→ Source data
· · · ·
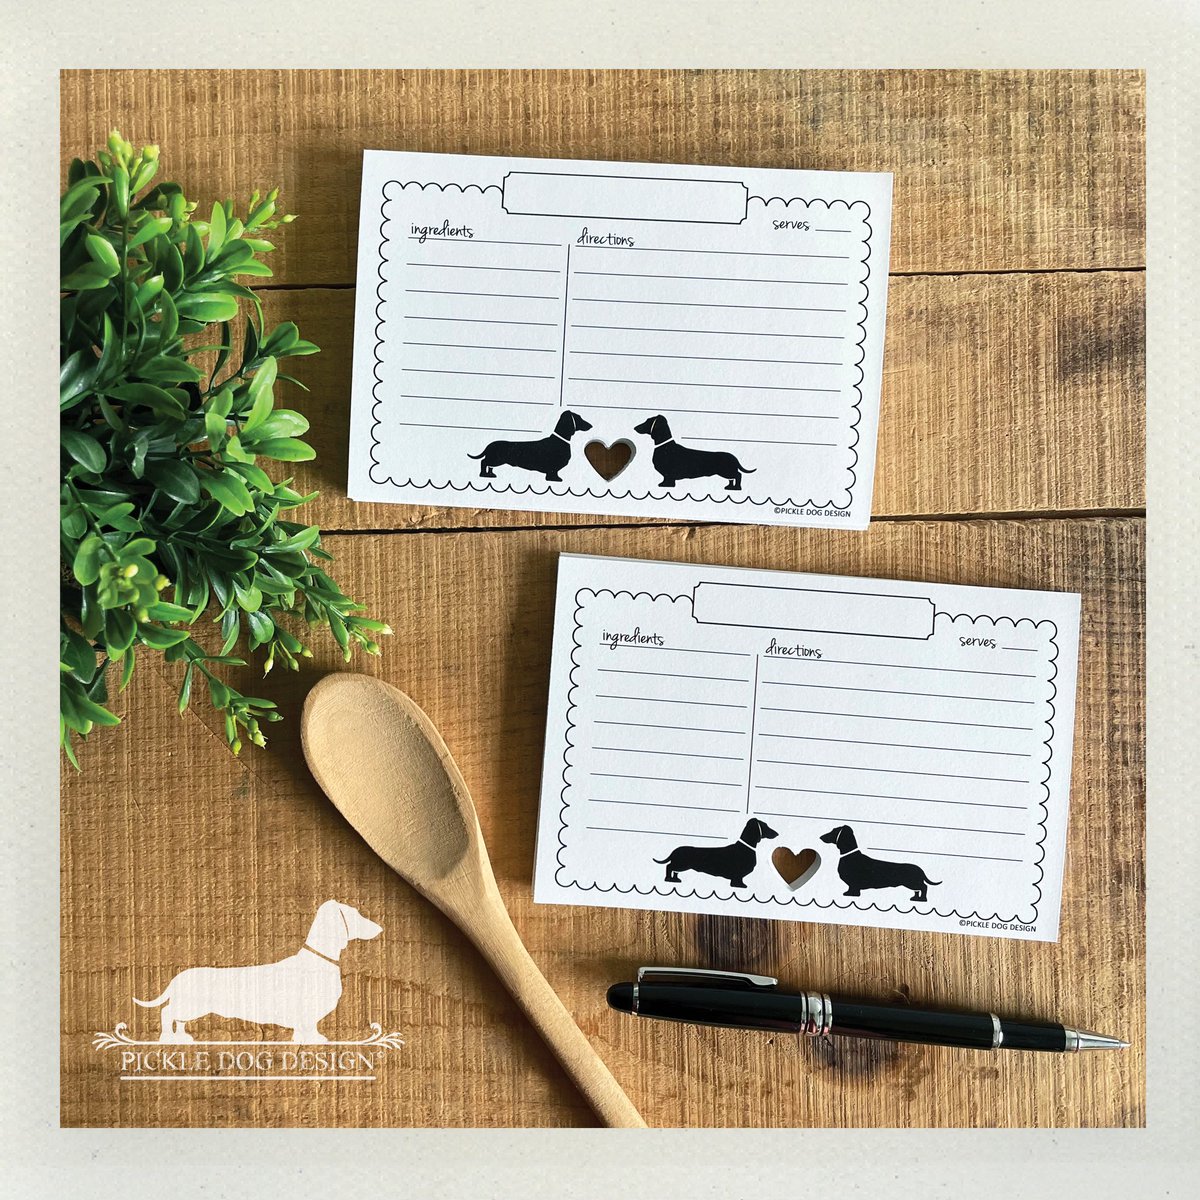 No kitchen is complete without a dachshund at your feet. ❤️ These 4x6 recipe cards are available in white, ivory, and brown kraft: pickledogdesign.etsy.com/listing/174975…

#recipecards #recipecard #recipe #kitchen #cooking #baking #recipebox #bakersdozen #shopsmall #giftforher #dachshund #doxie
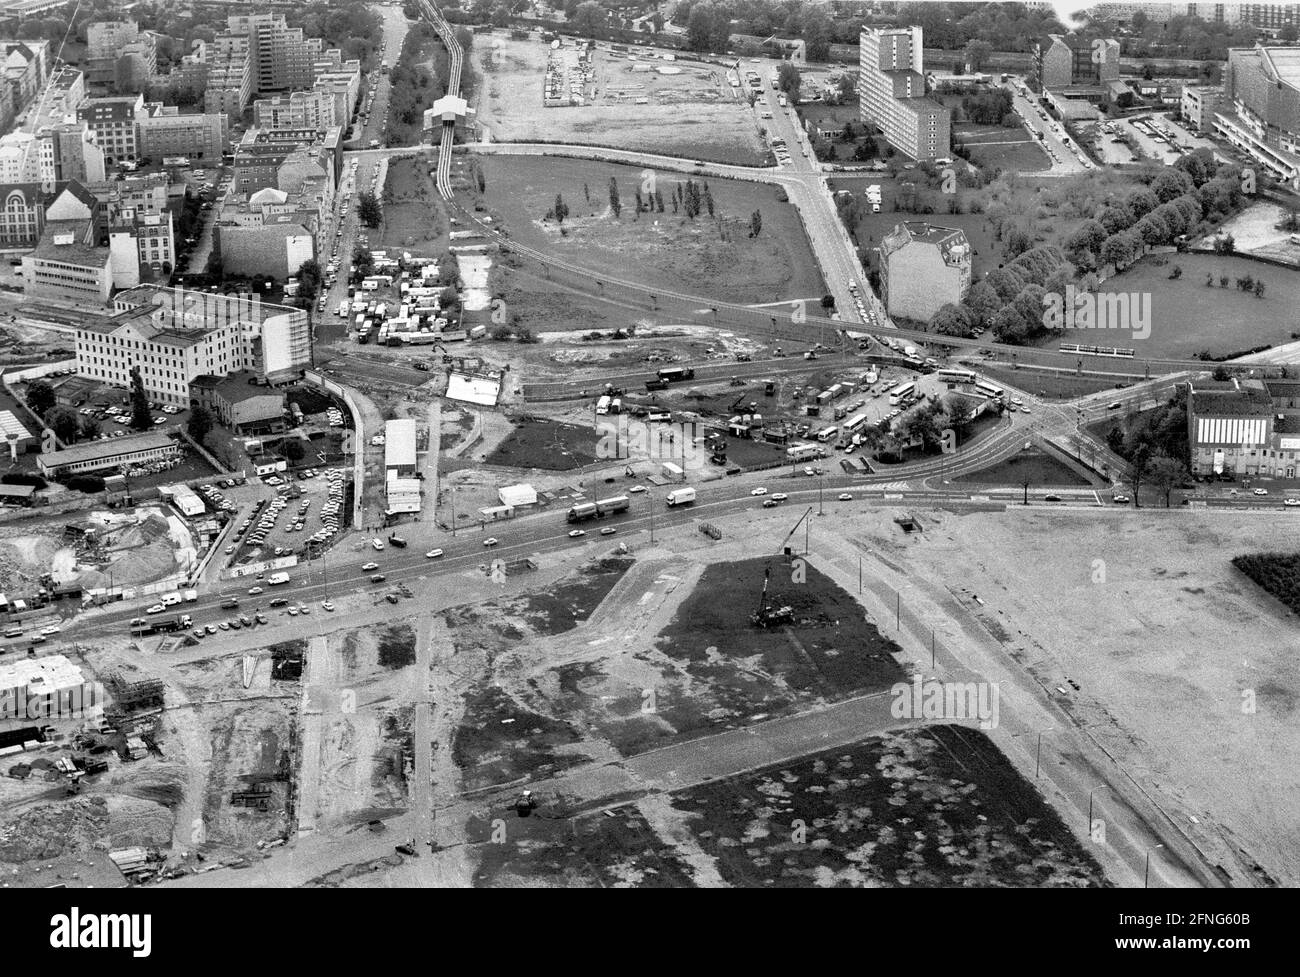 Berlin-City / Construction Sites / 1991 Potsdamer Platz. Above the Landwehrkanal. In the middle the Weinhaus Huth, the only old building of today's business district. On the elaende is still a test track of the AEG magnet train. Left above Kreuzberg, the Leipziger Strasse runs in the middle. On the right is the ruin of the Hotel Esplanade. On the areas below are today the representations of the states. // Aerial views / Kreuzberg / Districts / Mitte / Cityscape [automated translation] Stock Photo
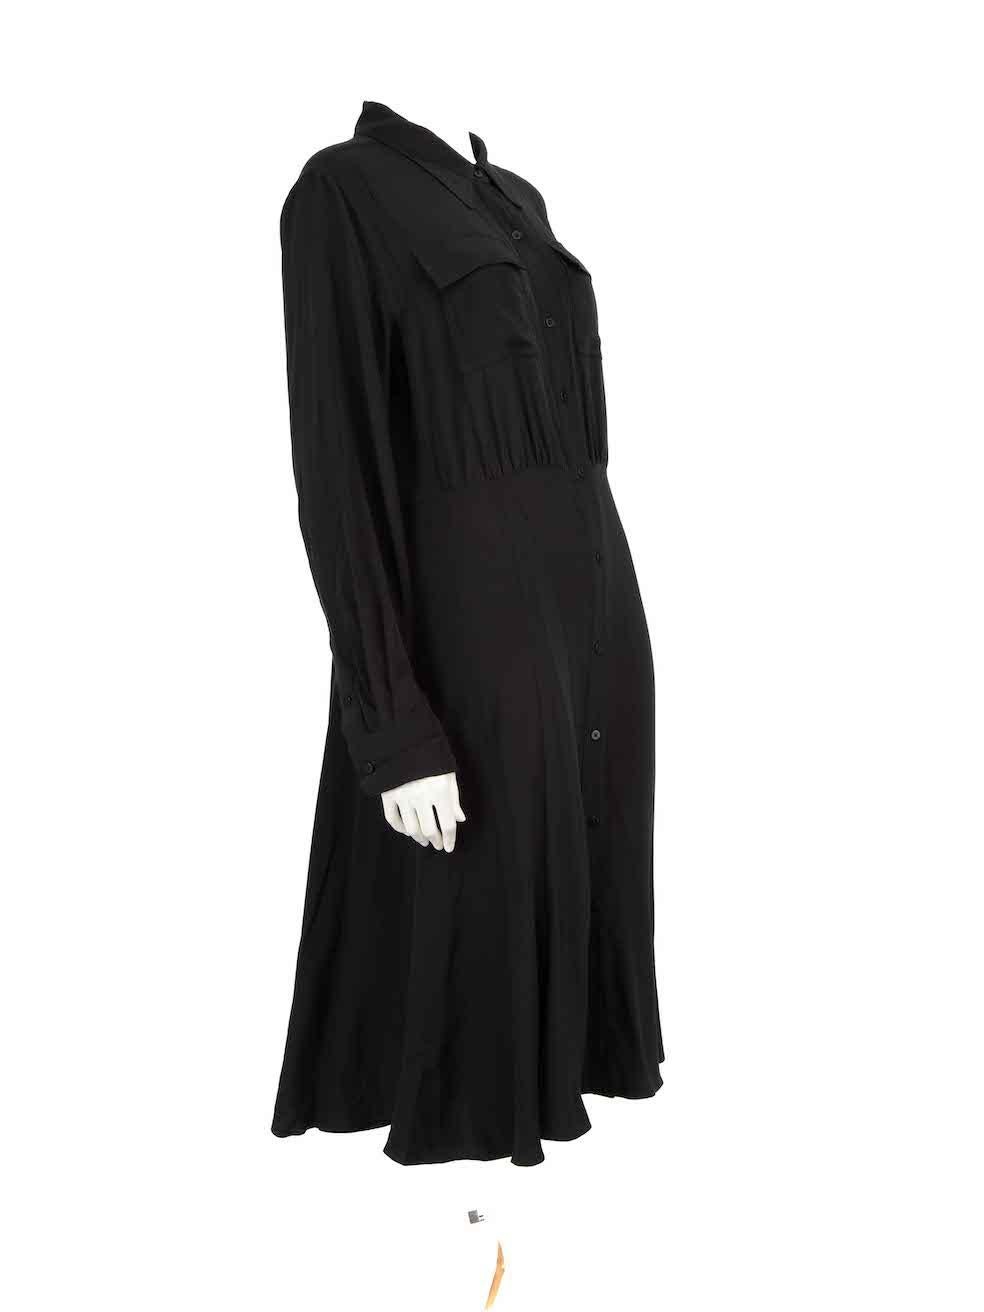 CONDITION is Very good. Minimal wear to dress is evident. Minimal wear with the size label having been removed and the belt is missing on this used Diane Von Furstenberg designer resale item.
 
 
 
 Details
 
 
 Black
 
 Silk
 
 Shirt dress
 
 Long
· · · ·
→ What the exercise asks
All entries should be reproduced exactly; no picture belongs in the result.

→ Your response
 No kitchen is complete without a dachshund at your feet. ❤️ These 4x6 recipe cards are available in white, ivory, and brown kraft: pickledogdesign.etsy.com/listing/174975…

#recipecards #recipecard #recipe #kitchen #cooking #baking #recipebox #bakersdozen #shopsmall #giftforher #dachshund #doxie
 Berlin-City / Construction Sites / 1991 Potsdamer Platz. Above the Landwehrkanal. In the middle the Weinhaus Huth, the only old building of today's business district. On the elaende is still a test track of the AEG magnet train. Left above Kreuzberg, the Leipziger Strasse runs in the middle. On the right is the ruin of the Hotel Esplanade. On the areas below are today the representations of the states. // Aerial views / Kreuzberg / Districts / Mitte / Cityscape [automated translation] Stock Photo
 CONDITION is Very good. Minimal wear to dress is evident. Minimal wear with the size label having been removed and the belt is missing on this used Diane Von Furstenberg designer resale item.
 
 
 
 Details
 
 
 Black
 
 Silk
 
 Shirt dress
 
 Long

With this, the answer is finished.